PROBLEM TO WORK ON
Take the entries below and print, exactly, the stretch from the line containing "Main view of" through the line containing "Groß Tv Nachrichtenredaktion", both included.

------ LISTED RECORDS ------

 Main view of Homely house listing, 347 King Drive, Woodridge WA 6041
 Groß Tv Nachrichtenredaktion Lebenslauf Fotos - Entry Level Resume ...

------
------ LISTED RECORDS ------

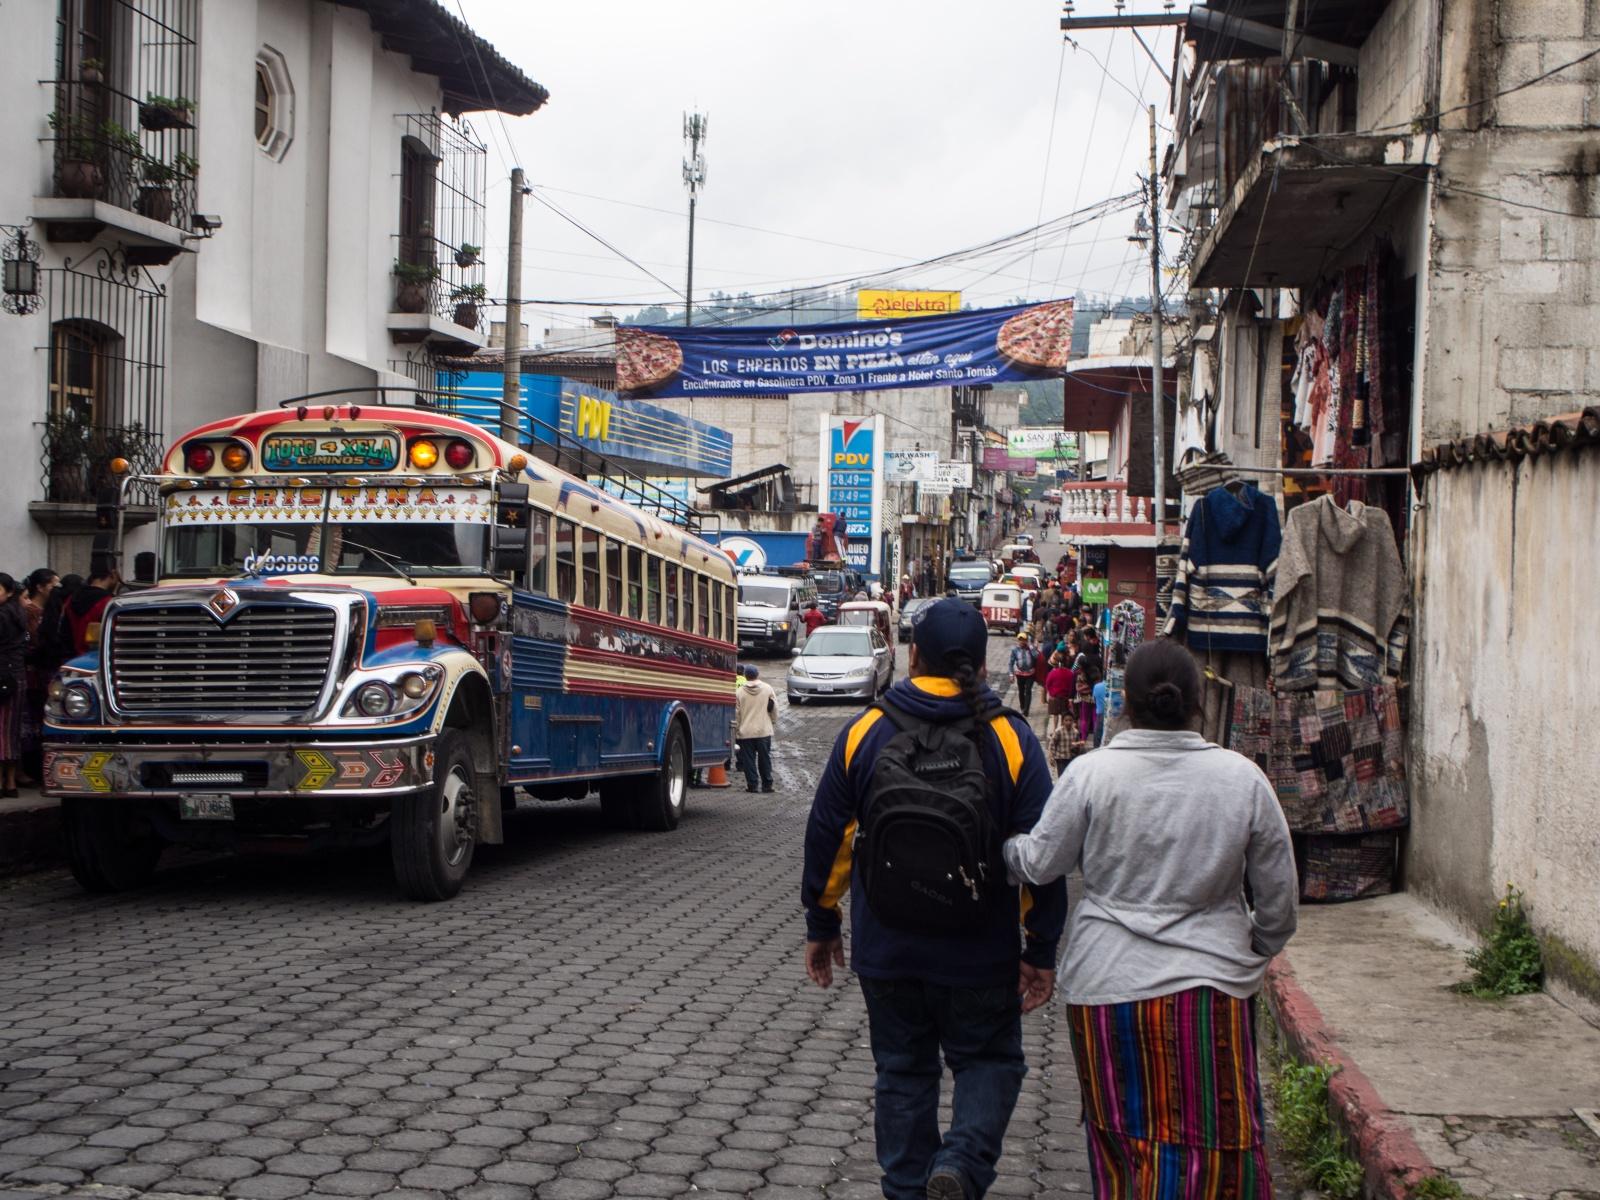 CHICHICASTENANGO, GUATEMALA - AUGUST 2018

------

SOLUTION TO THE EXERCISE
 Main view of Homely house listing, 347 King Drive, Woodridge WA 6041
 Groß Tv Nachrichtenredaktion Lebenslauf Fotos - Entry Level Resume ...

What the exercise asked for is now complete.